CH: So, I think we need to apply structure, semantics, metadata, use our taxonomies, use our ontologies, and create these explicit chunks. And that’s really about the content. We also need to decide when to use it. Obviously people are using it to write articles, there are customer support, customer service organizations within companies that are finding good use because they’re training it on smaller data sets that use trusted knowledge, not the internet. And so if you know what you’re using it for, what you want to achieve from that, do you want to produce content faster? Do you want content to be more accurate? Do you want fewer humans to be in the loop? Whatever that is, you can start with a small subset of your content, do this work to make it explicit, whether it’s doing a knowledge graph, getting a tool that allows you to do that, or an app that allows you to assign these things, whatever it is, and then try some experiments, and measure them, see how they work, and then learn from that, and go from there. Whether it was successful, you can expand that, and now do more things. Or if it didn’t work, go back to the drawing board, and figure out why. Was your hypothesis wrong, or was it a poor use case? I think that’s another good news is you don’t have to change everything all at once, just pretty much everything else we do in content is starting small, testing, and then growing from there. We’ll get better results both in what you produce but also in gaining traction within your organization. So, if, say, you have two silos producing content, nobody has that, I’m sure, or maybe everybody does.
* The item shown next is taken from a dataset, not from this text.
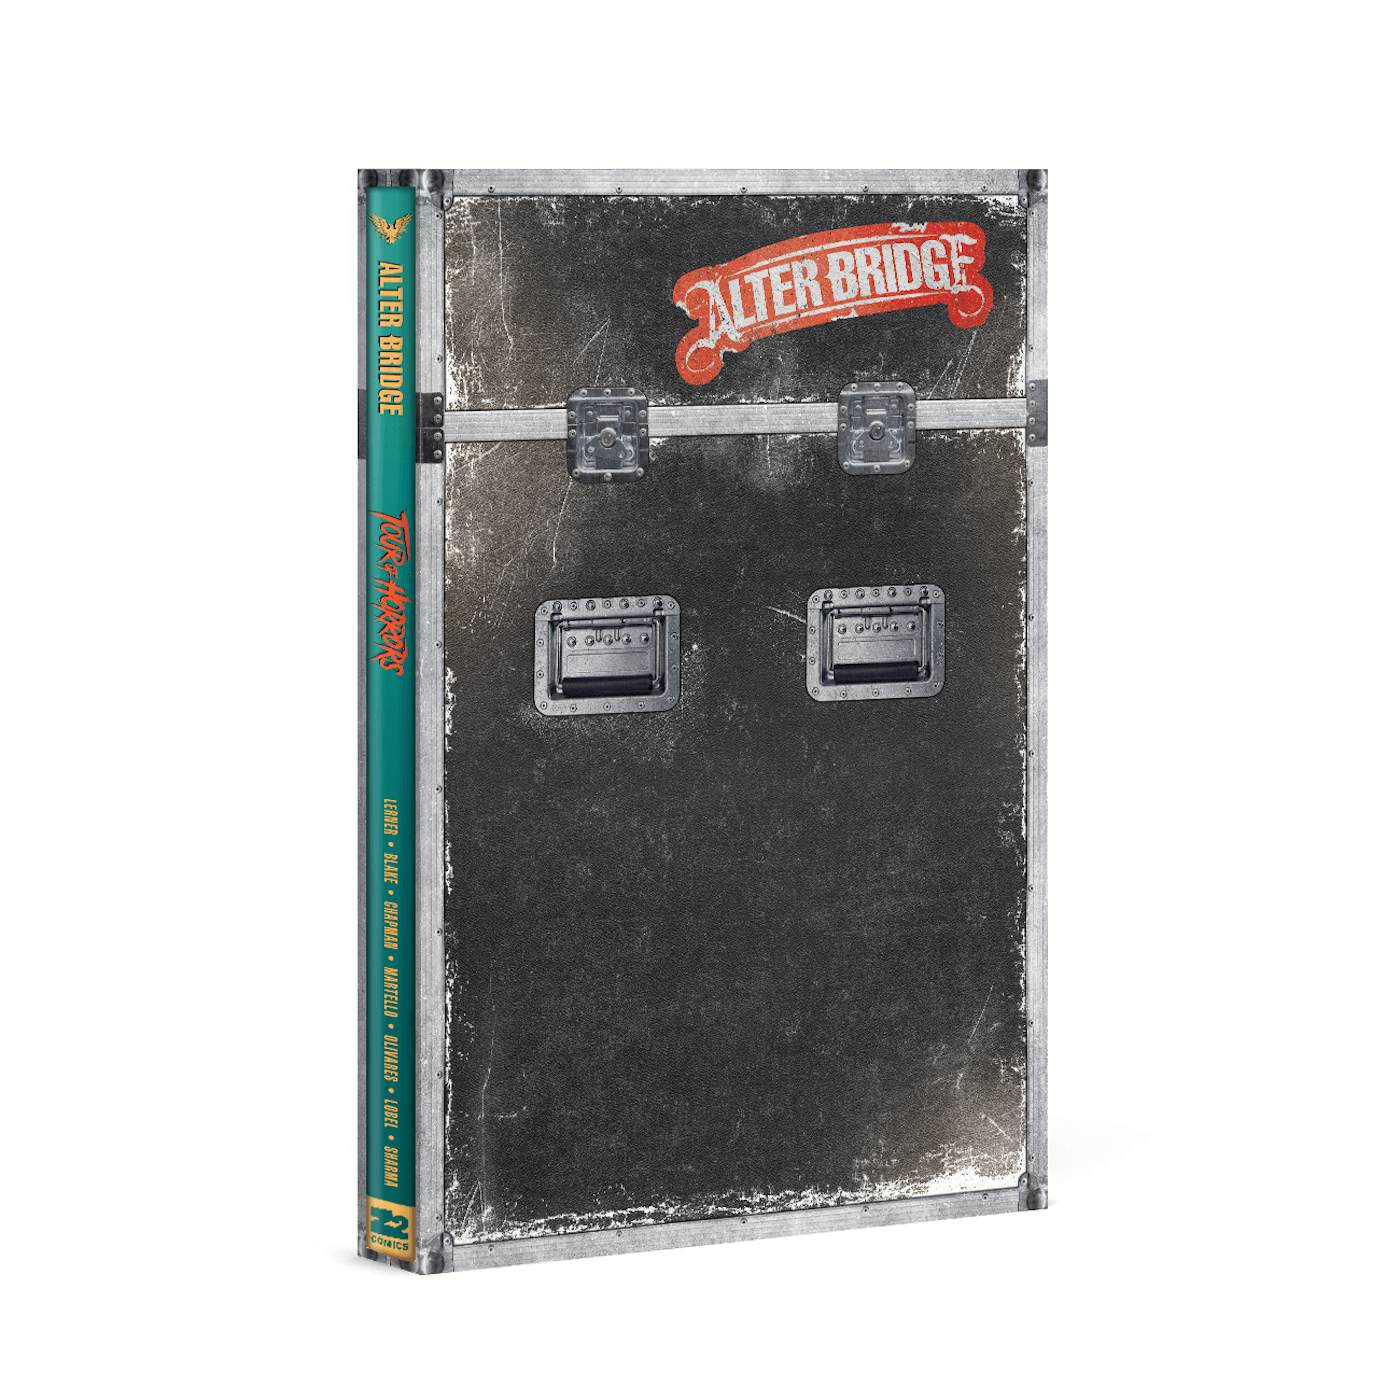 Alter Bridge: Tour of Horrors - Deluxe Book

SO: Oh, they have more than two.
CH: If you’re the one using structured content, and you’re getting amazing results, and another team isn’t using structured content, and they’re getting poor results, now you can say, “Hey, we can help. This is what we did.” And then maybe those people will say, “Oh, let’s try that.” And then word spreads. I find that just over, and over, this is just another application of start small, share your successes, and be willing to cross functions, and silos to expand the use.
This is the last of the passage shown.